It’s no secret to you all how much I love photography and practicing my skills in that field. When I first started to get into blogging, I began to observe the many creative, beautiful outfit shoots that the most unique and successful fashion bloggers posted. I knew that if our blog was to get anywhere, we needed to excel in the imagery category. Over the past 2 years, my sisters and I have learned so much about what it means to take great photos for our blog, but by far the most challenging type of shoot to do is an outfit shoot. From getting the images perfectly focused, to making sure that the outfit & subject wearing it is framed just right in the camera, it’s an art in and of itself, but one where there is such freedom for creativity and unique expression. Today I’ve gathered up some of my top tips for taking great outfit photos that I hope will help some of you fashion bloggers out there to excel in the wonderful world of fashion photography. I am by no means an expert, but I’ve learned a few things in the past years that I think might be helpful to share 🙂
Practice in the Mirror
It’s may sound like vanity practice, but honestly: look at yourself in the mirror. Observe which side of you is your best side, practice facial expressions, poses, etc.

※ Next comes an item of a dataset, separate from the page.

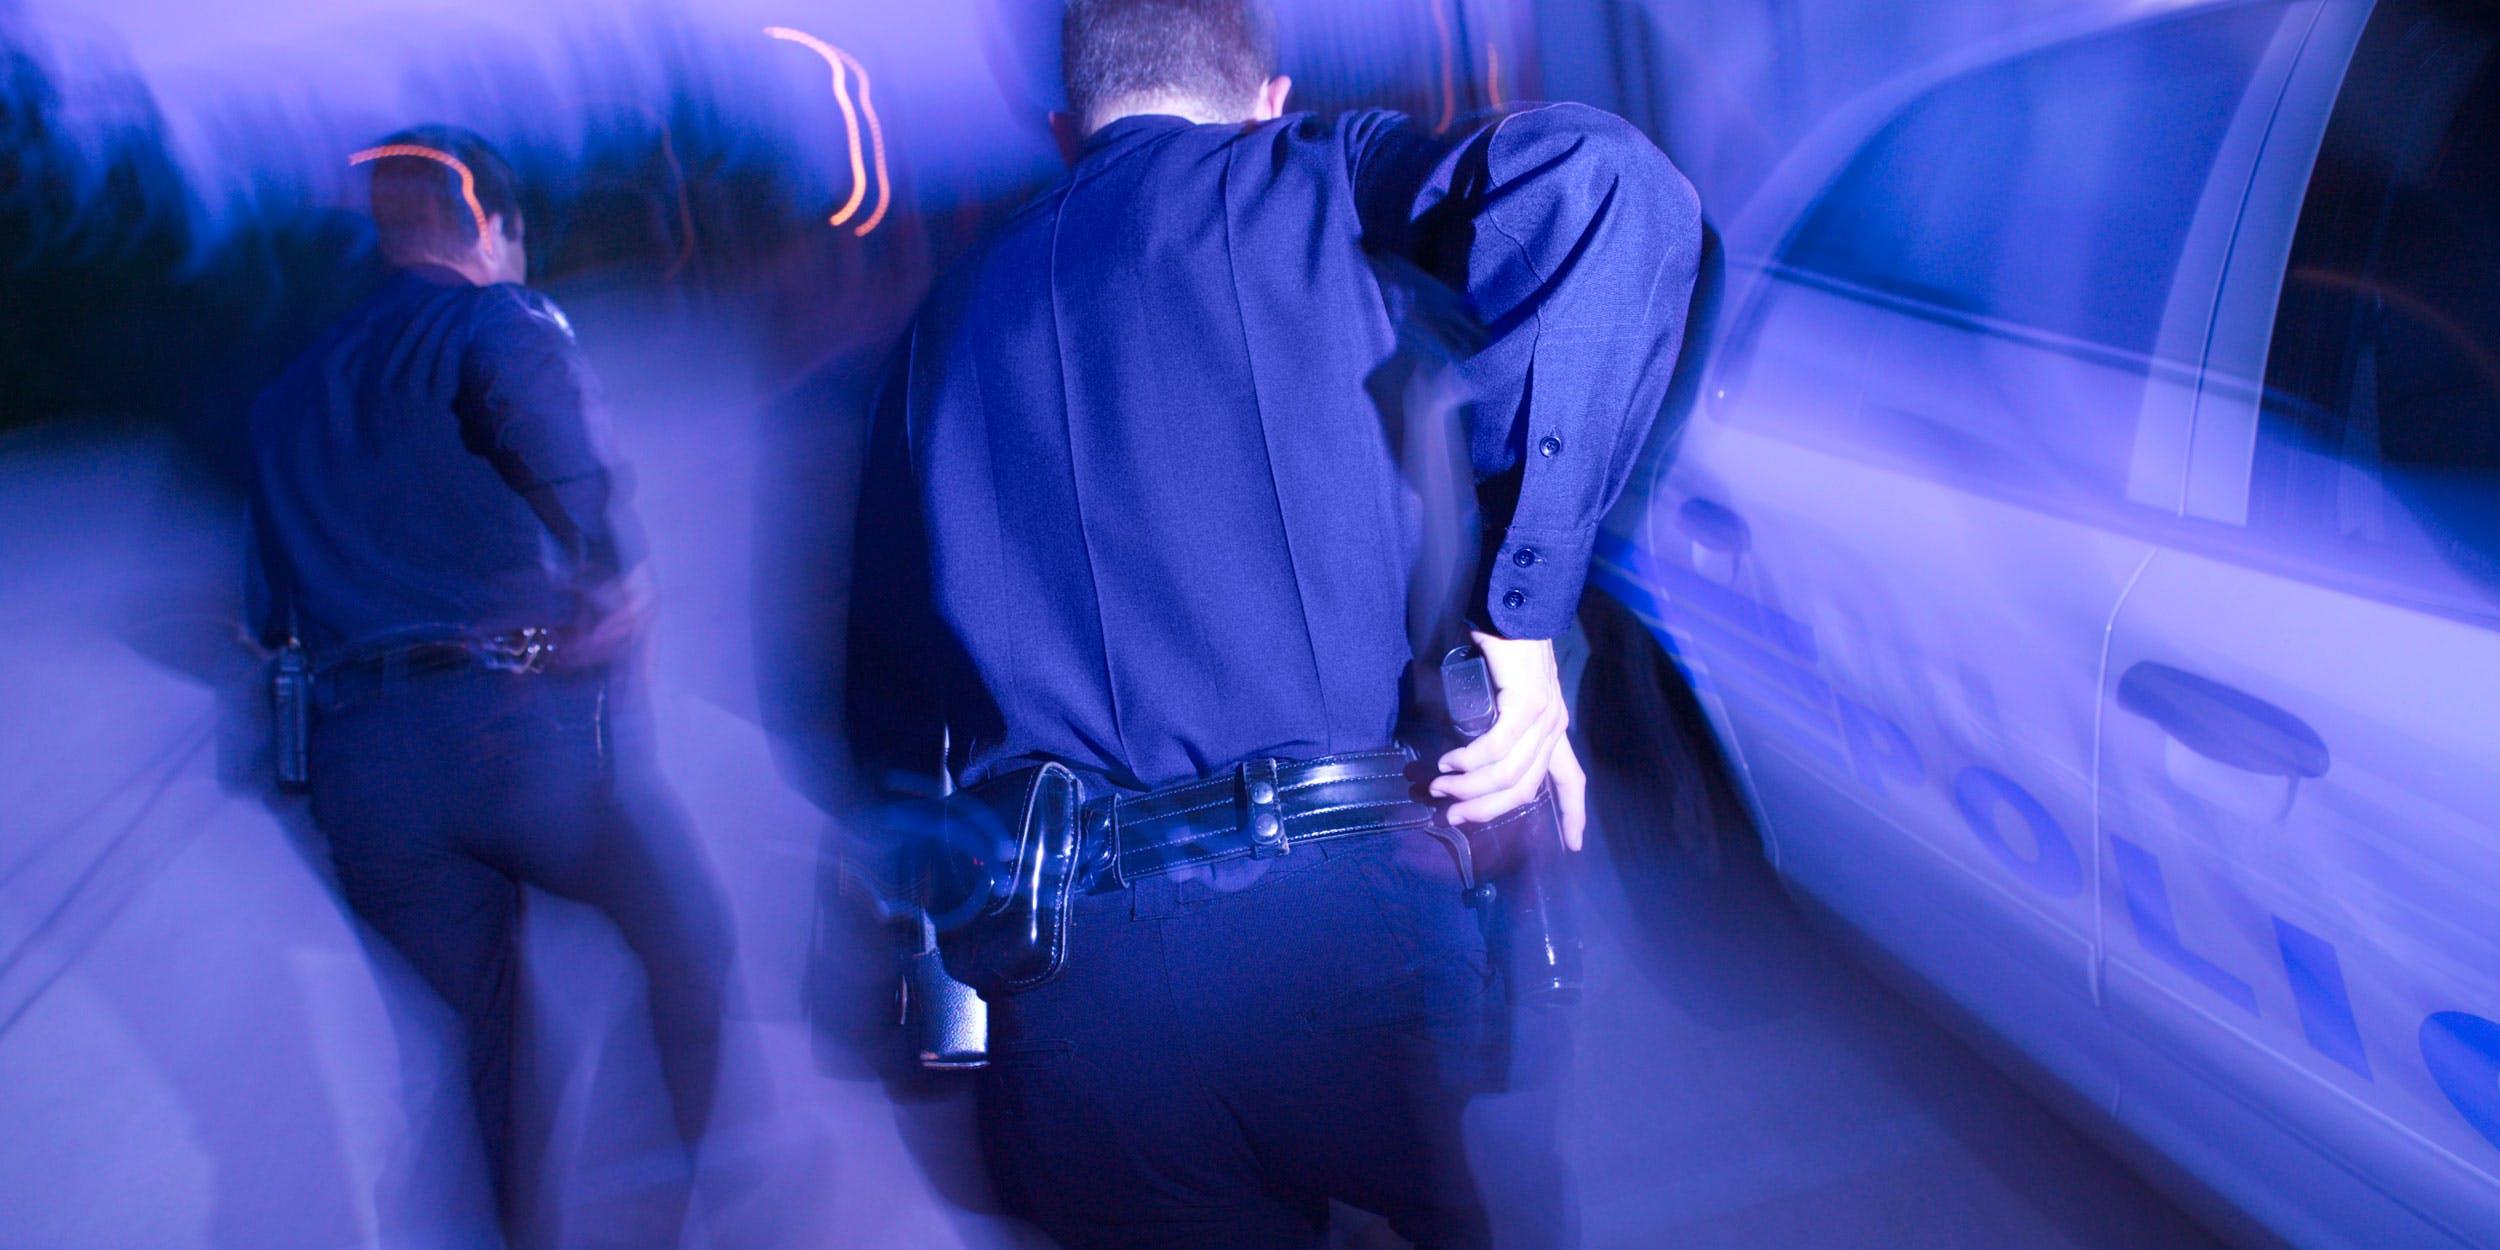 Toronto cops running away

It will help you familiarize yourself with how you will look in the camera, so that when you head out to take outfit photos, you are not left completely in the dark in regards to how to pose. It’s hard to get a great photographer to take your photos all the time (unless you have an “in house” duo like we do 😉 ), so when your photographer may not be the best communicator, it is helpful to be familiar with yourself and how you look at what angles, etc. Mirror practice may be limited, but it certainly is helpful in developing a photogenic look.
Find your Posing Style
Not everyone was cut out for the “model face” look that you see in catalogs and fashion editorials everywhere. In fact, some of us look really stupid trying to be über pose-y and serious. Develop your posing style. Do you look best candid and laughing, smiling for the camera, or striking a dramatic, contemplative pose? Each of us girls has a certain feel we want to communicate through our photos, a certain aspect of ourselves that we want to share, or will better help get across the aesthetic of our outfits: Jessica and I tend to look best candid, laughing, and having a good time. Brigid really shines when she looks more thoughtful and wistful. All of us can nail just about any style of pose, but each of us has a certain one that really lets our personality shine. Through practice and time, you can develop your own that will help you look your very best when getting your outfit photos taken.
Tell a Story
The most powerful outfit photos I have seen and taken are the ones that communicate a story. It’s one thing to just pose in front of your garage door or a blank backdrop, but when there is a story involved, it takes the shoot to a whole new level. Do you have a special tale to tell behind the outfit you are wearing? Is there a certain aesthetic/personality that you want to communicate? Perhaps an adventurer, or a city tourist? Play around with themes and figure out the best way to communicate your outfit’s story through your photos.
This is a technique that we girls are still developing and getting to understand, and we certainly don’t employ it in all our outfit shoots. But, when we do, it definitely takes that shoot to a whole new level, and the photos tend to be much more engaging and visually captivating.
Choose a Great Backdrop
I guess this is a “no duh” tip, but it still needs to be said. If you are posing in front of a garage door or messy backyard, your photos will most certainly suffer, and your outfit won’t look much better. We girls have been blessed to live in an area where rural, picturesque backdrops are right in our backyard. If this is not the case for you, then hunt around! I have seen beautiful outfit photos that were taken in front of everything from unique dumpsters, so the back part of a Rite Aid store. Great backdrops are just a creative glance away.
Communicate with your Photographer
This is one that I had to learn the hard way. Being the main photographer of the blog, it was challenging getting Brigid to take photos of me that were up to my expectations. Now, this wasn’t exactly Brigid’s fault: it was more my fault in not communicating. If you don’t have a photographer who is experienced in fashion shoots or how to pose people, then you could try having a discussion right before/during the shoot describing how you were wanting a certain shot to look. Looking at images online to get your photographer to understand the aesthetic and framing that you want will definitely be helpful as well.
Observe other people’s work
This is a big one. We girls wouldn’t be where we are at with our visuals if it wasn’t for fellow bloggers who have come before us, inspiring us to up our photography game. Following blogs with great visuals will definitely help you understand the possibilities for outfit shoots, and inspire you to play around more and not just settle for blah backdrops and cliché poses. Here are a few of my favorite blogs that nail it in the outfit shoot category:
**Note: most of these are not “modest fashion blogs”. They simply take great images, and are visually inspirational. Please use your own discretion when looking at these blogs. We all don’t have the same standards 🙂
I hope that these tips were helpful! Like I said before, outfit shoots can be some of the most challenging out there, but with work and diligence, you can definitely master this category and take excellent outfit photos. Now, I know some of you may be thinking “But what about the equipment?”. Photography gear and post-processing can have a huge impact on the photos that you take, and I talked about the gear I use here. Not much has changed since that post, so if you want my thoughts on the gear I use, I would highly recommend you check it out.
What are your tips for taking great outfit photos?